=== Begin Enclosure ===
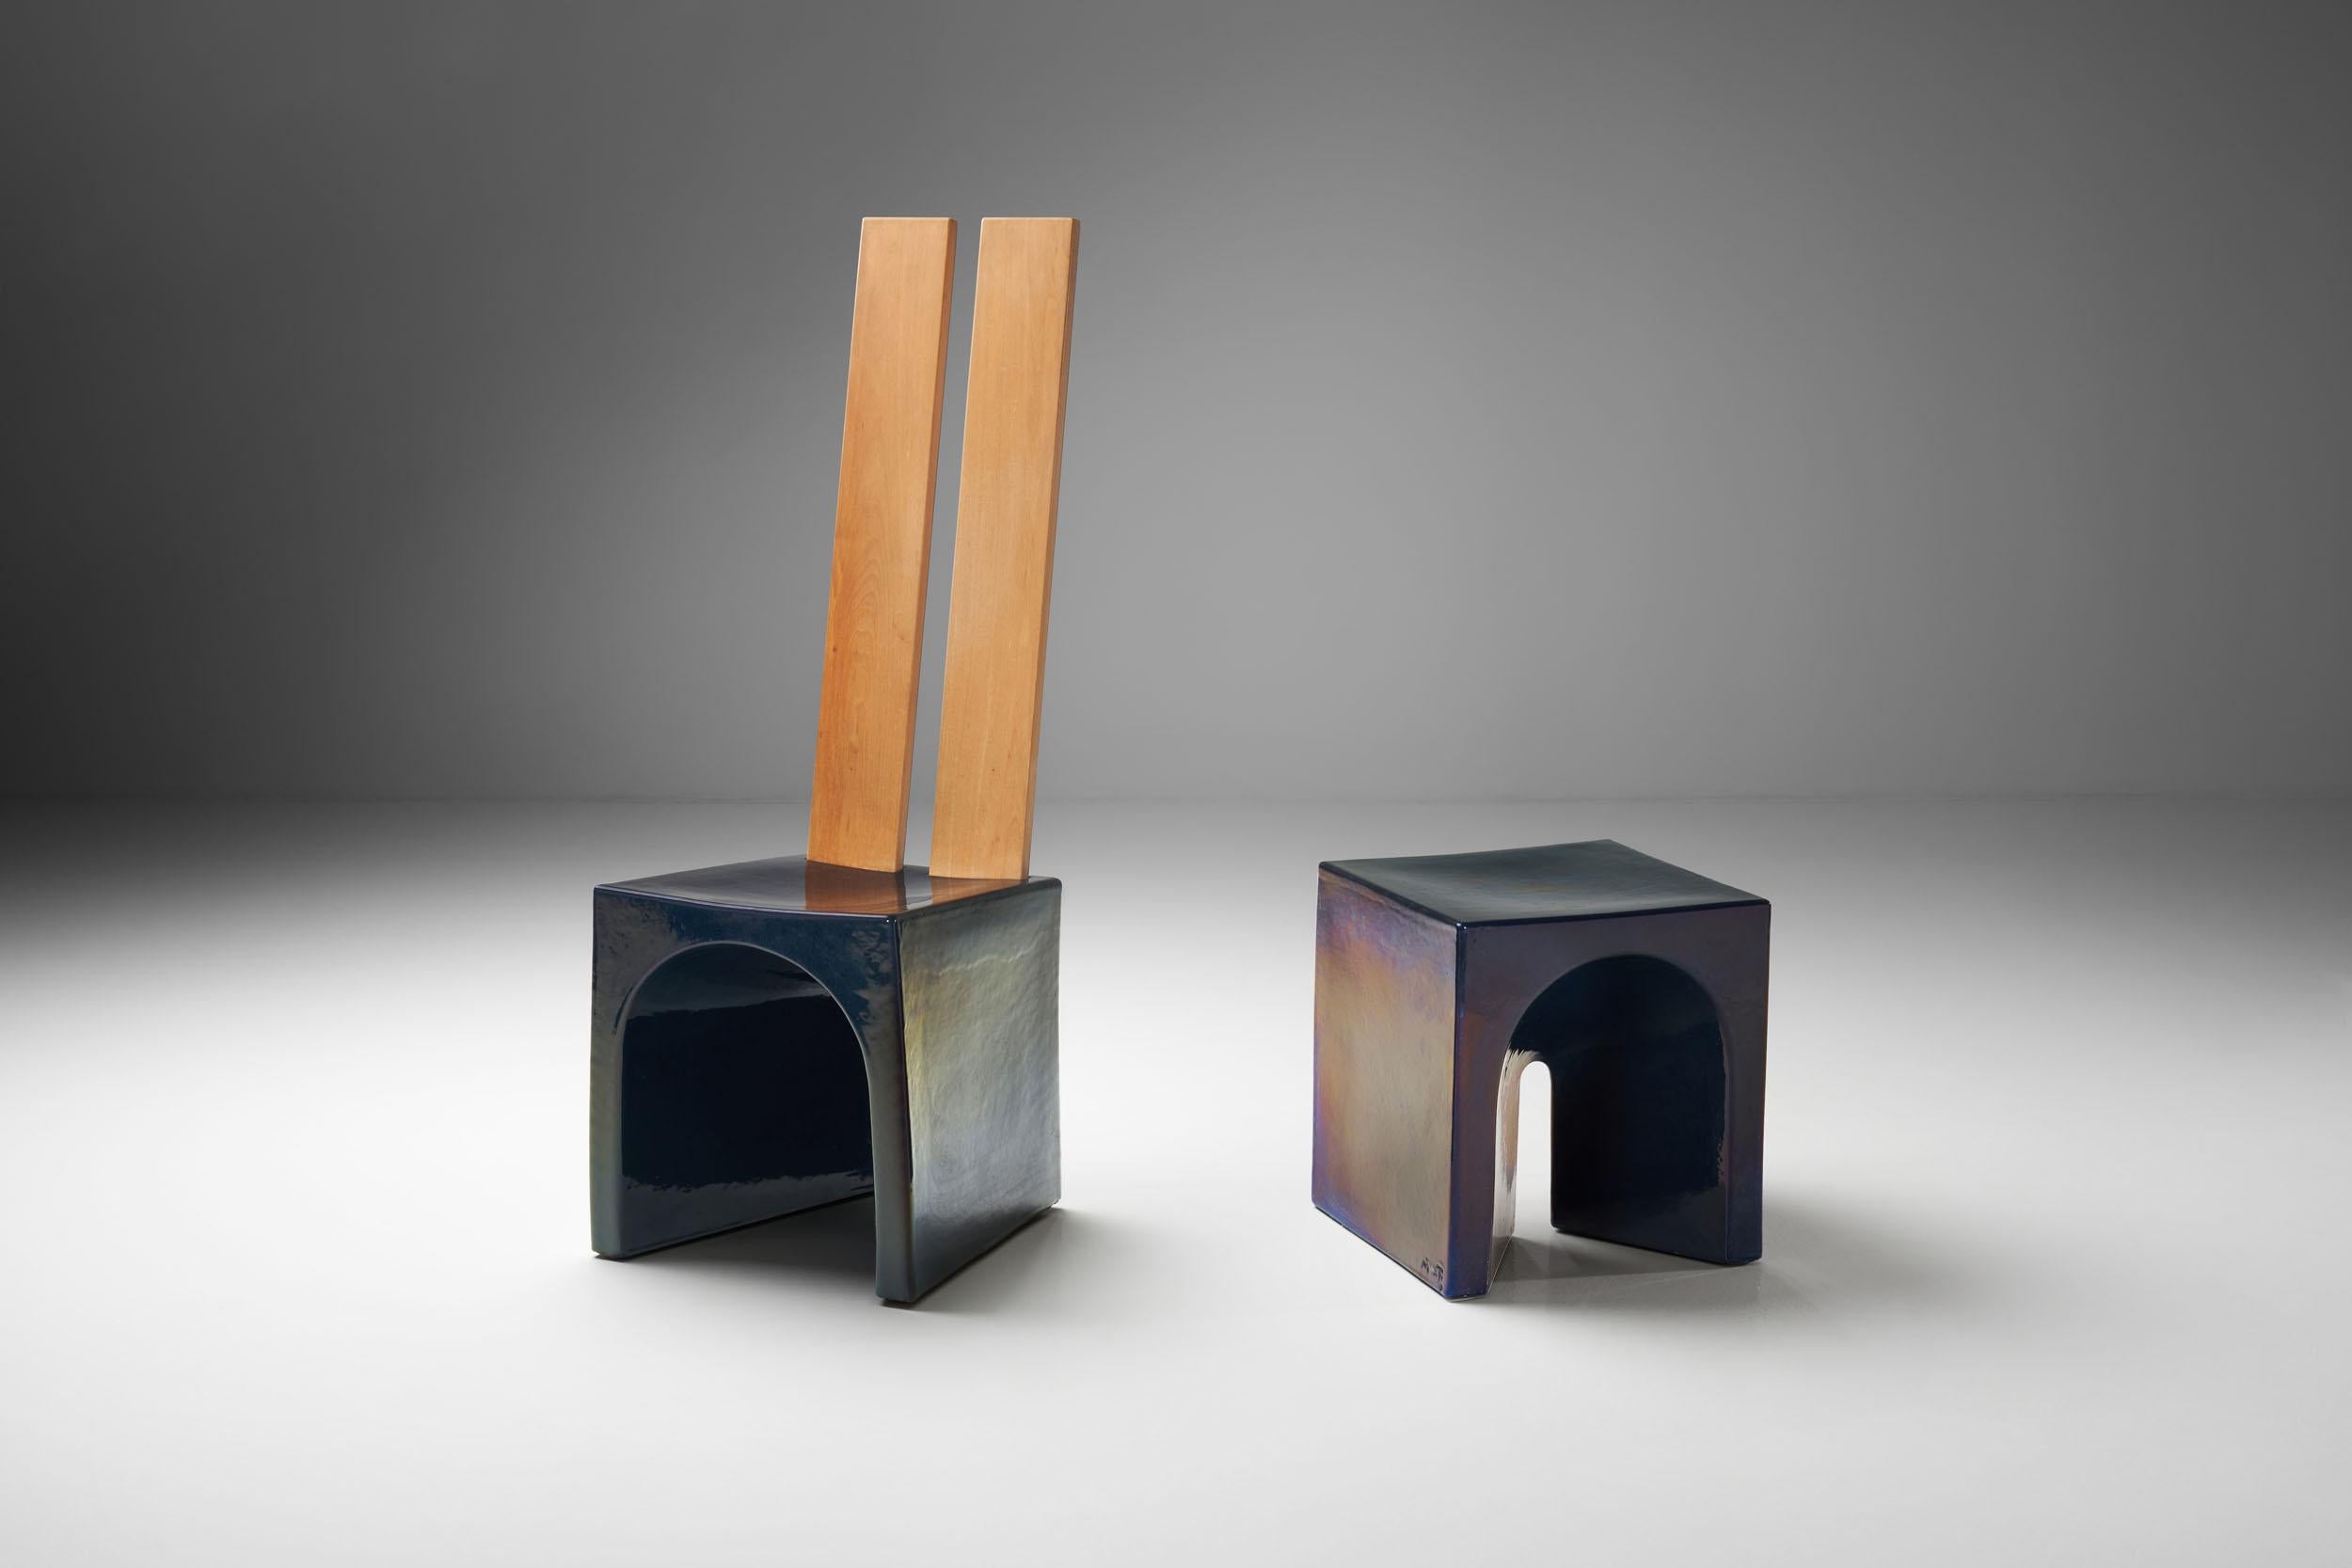 This elemental chair and table are a beautiful example of the collaboration between Dutch designer Tom Bruinsma and Mobach ceramics. These fully glazed ceramic pieces appear in a variety of colors depending on the angle and light. The wooden backs
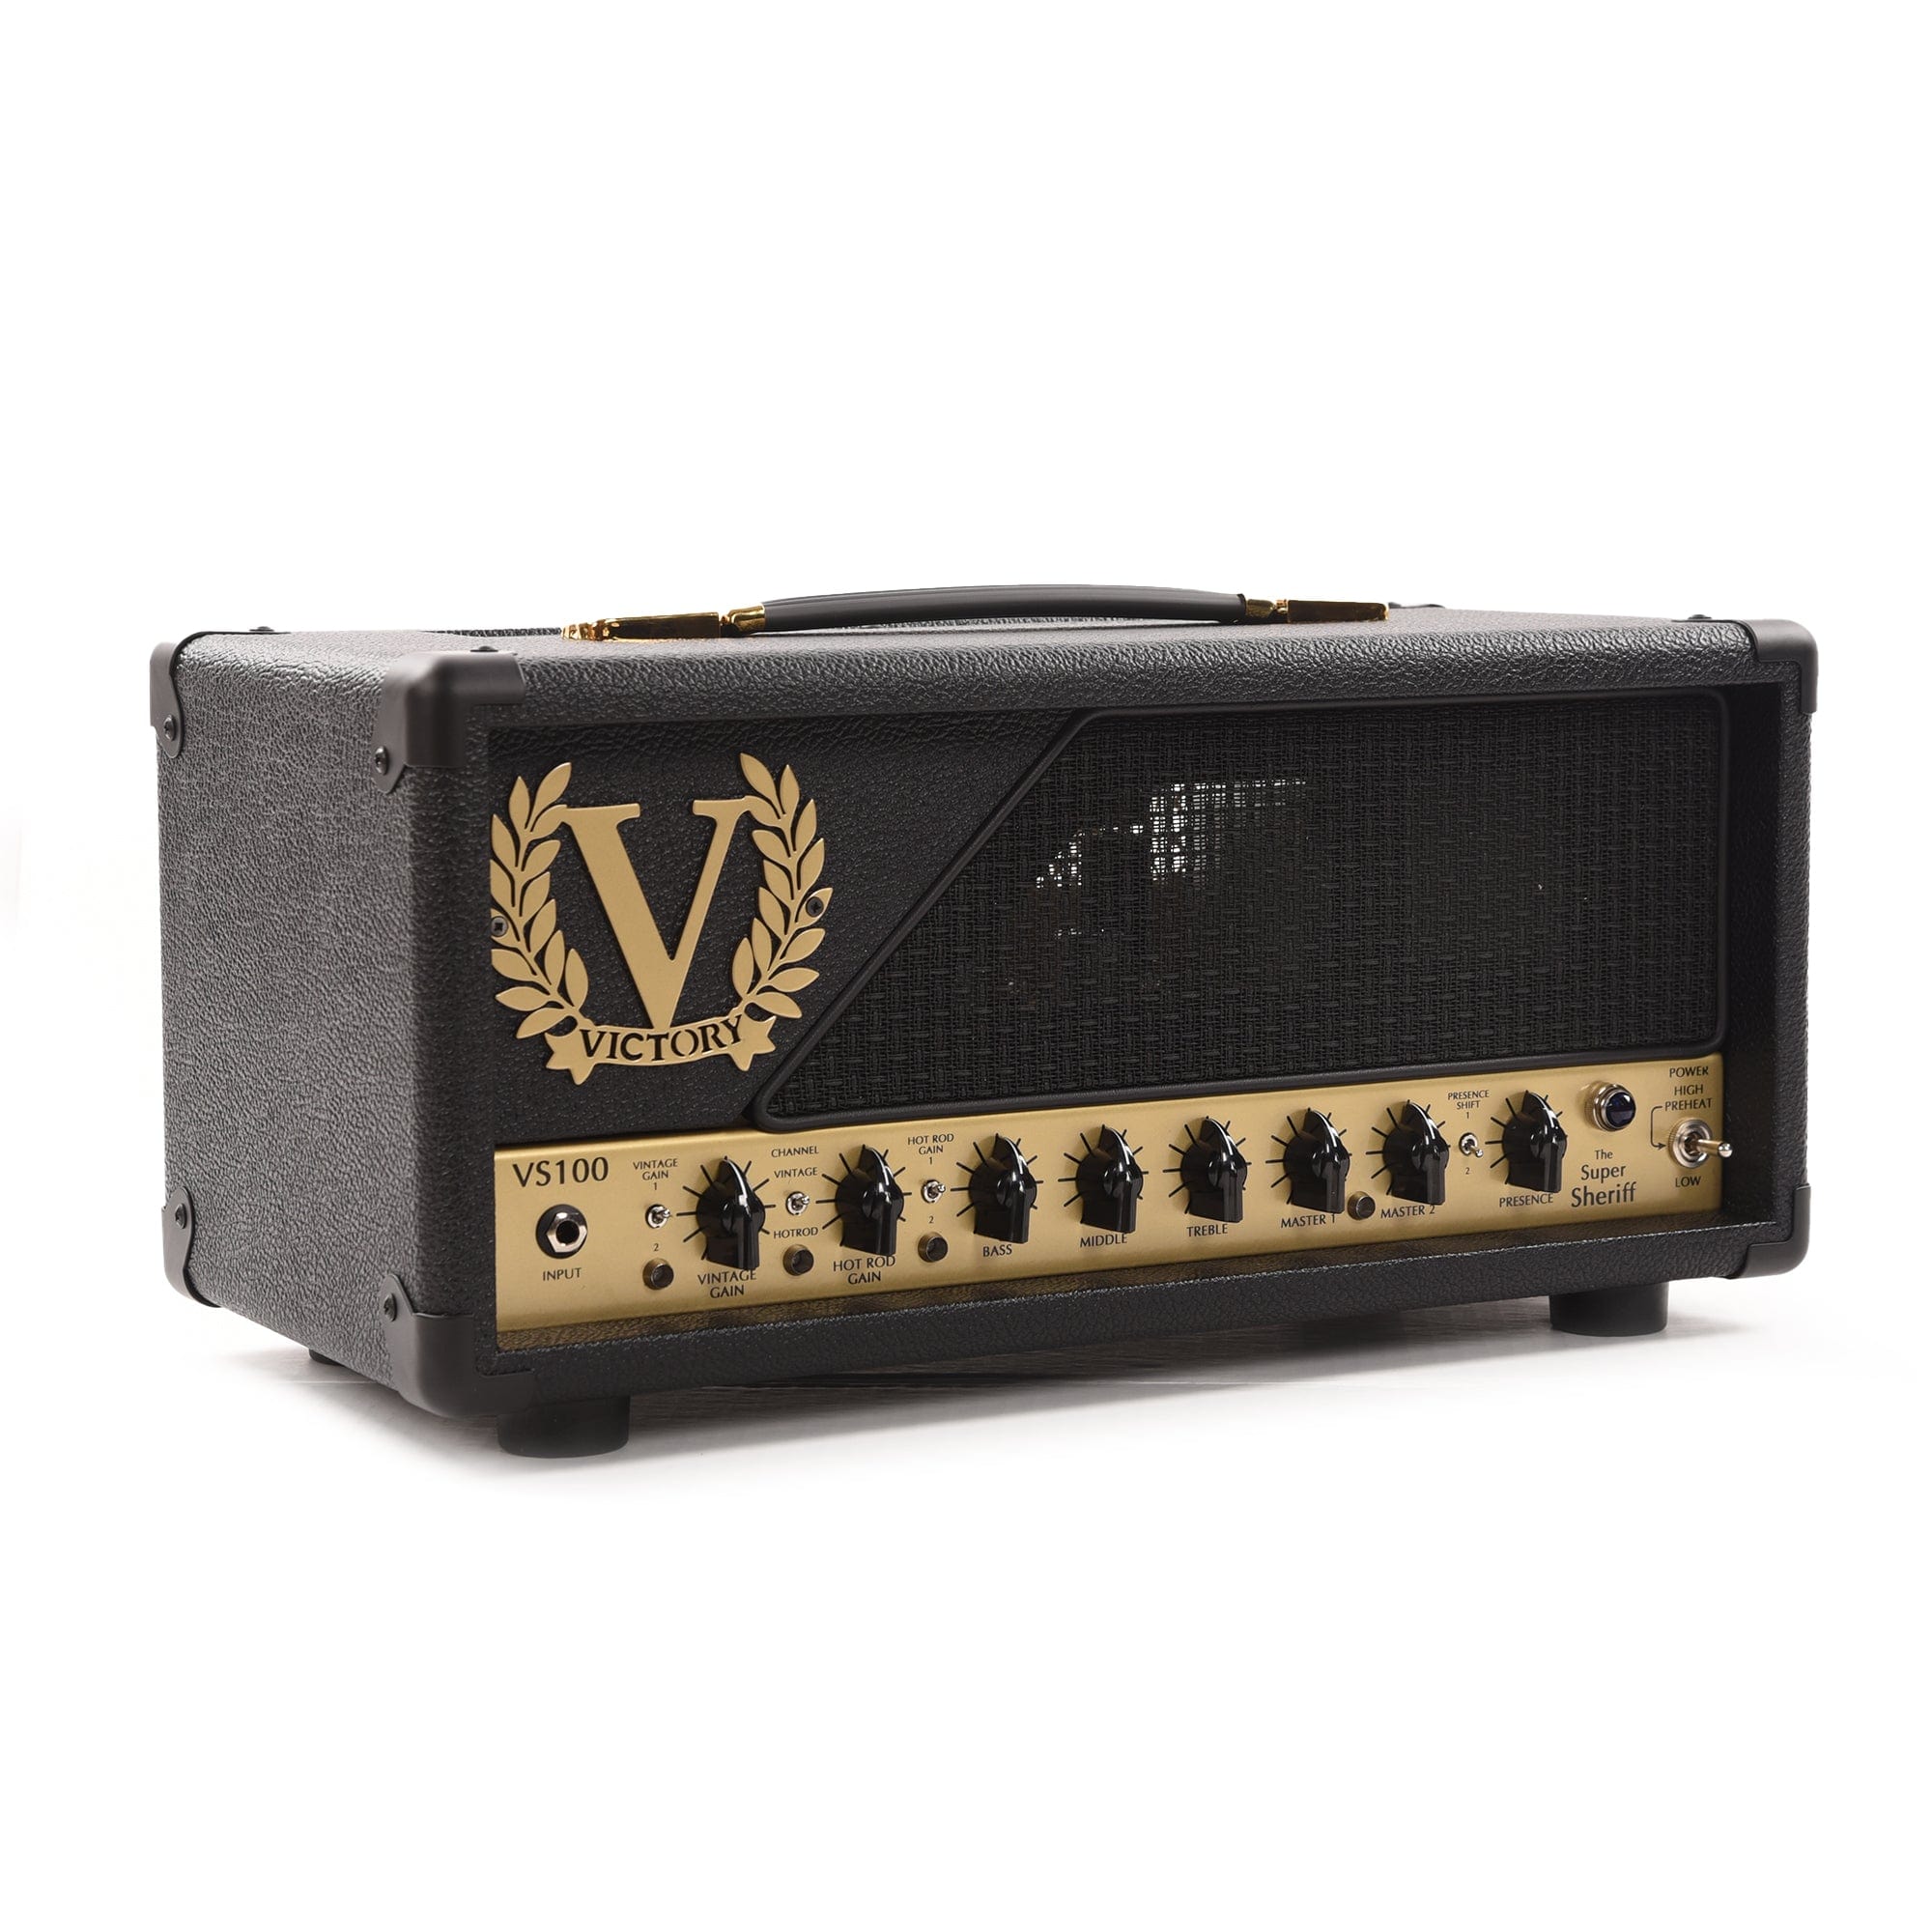 Victory Sheriff 100 Compact Head Amps / Guitar Heads
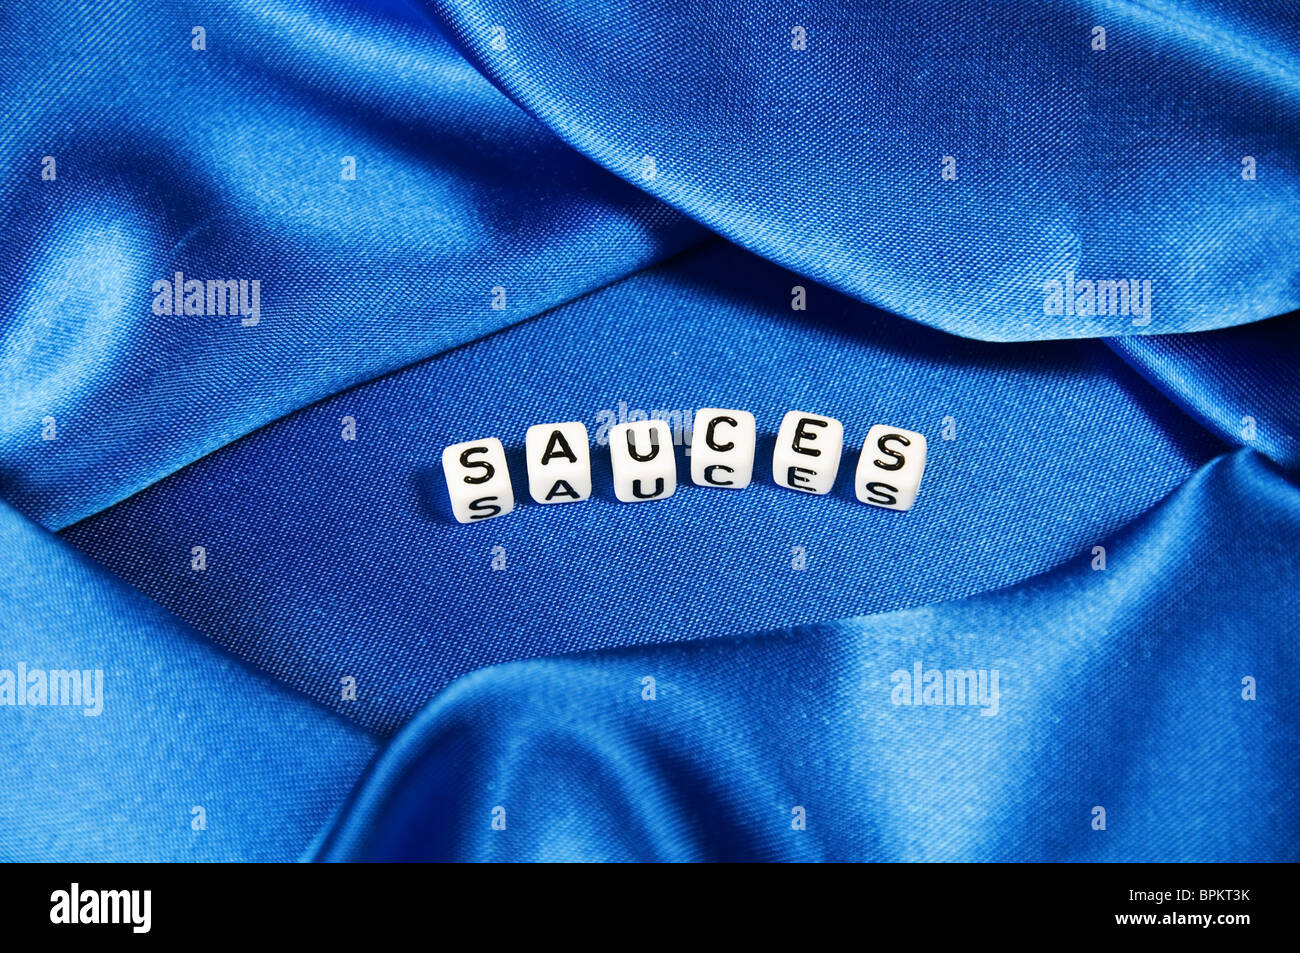 Royal blue satin background with rich folds and wrinkles for texture is the word sauces in cube lettering in this series. Stock Photo
=== End Enclosure ===
#### ACTION ITEM:
Give back exactly the lines from the one that contains "Victory Sheriff 100" to the final line of the data above, both included, with all pictures removed.

#### EXPECTED OUTPUT:
 Victory Sheriff 100 Compact Head Amps / Guitar Heads
 Royal blue satin background with rich folds and wrinkles for texture is the word sauces in cube lettering in this series. Stock Photo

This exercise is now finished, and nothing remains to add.